Figure 13. Final score forecast.

6. Conclusions

This study utilizes learning data from the first six weeks of a course platform to predict students’ homework, experiment, midterm, and final scores six weeks later, achieving good results. This provides timely warnings for students who have difficulty learning and personalized guidance for those who perform well. Additionally, teachers can intervene and provide effective teaching guidance based on students’ performance in various stages of the course, thereby improving teaching efficiency and quality. Previous grade predictions have focused more on whether students can pass exams rather than on paying attention to their learning processes. For practical courses, experiments are particularly important, and this model can better predict students’ process performance. With the help of the prediction system, teachers can better understand students’ learning processes and make precise teaching interventions, providing different recommendations for students who have difficulty learning and those who excel. However, there are also many shortcomings in this article, such as the small and unrepresentative dataset used. Currently, the model can only predict scores on this single course platform, and the generalization ability of the model needs to be improved.

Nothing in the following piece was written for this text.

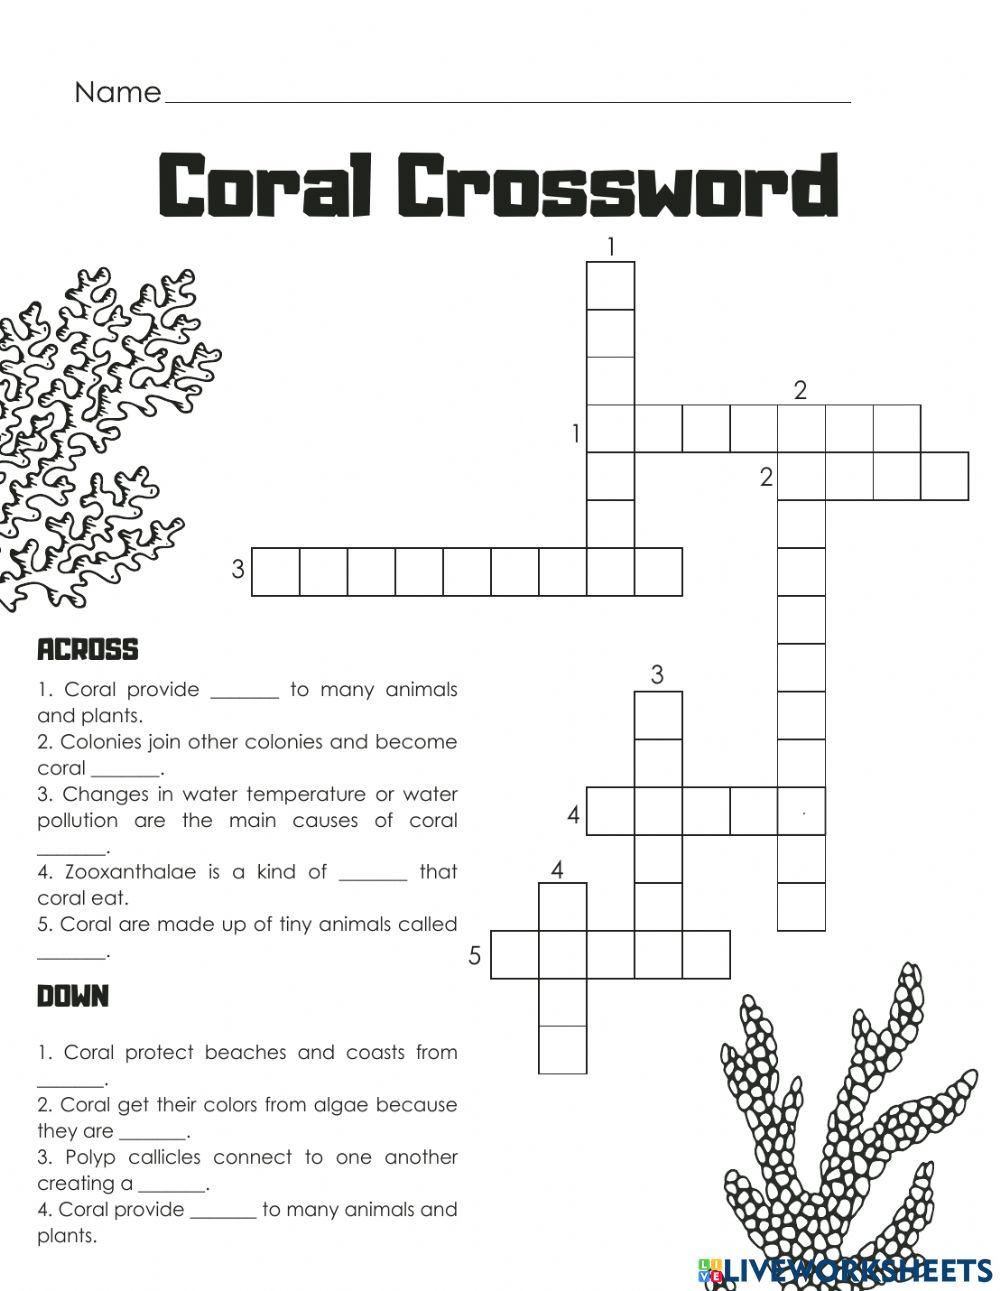 Coral crossword

In addition, teachers need to remind students enough to accumulate good data in the first six weeks of the course platform to effectively and accurately predict students’ scores. In this study, the second method’s predictive evaluation indicators were generally better than those of the first method. However, due to the small amount of data processed, whether the second method is more effective than the first method requires further exploration in future real-world applications.

In future grade predictions, it is hoped that this model will be able to predict students’ grades and learning status in each stage of their course when students start school. The generalization ability and applicability of the model need to be significantly improved so that it can be more widely used in various fields to provide teaching warnings and interventions and improve teaching efficiency and quality.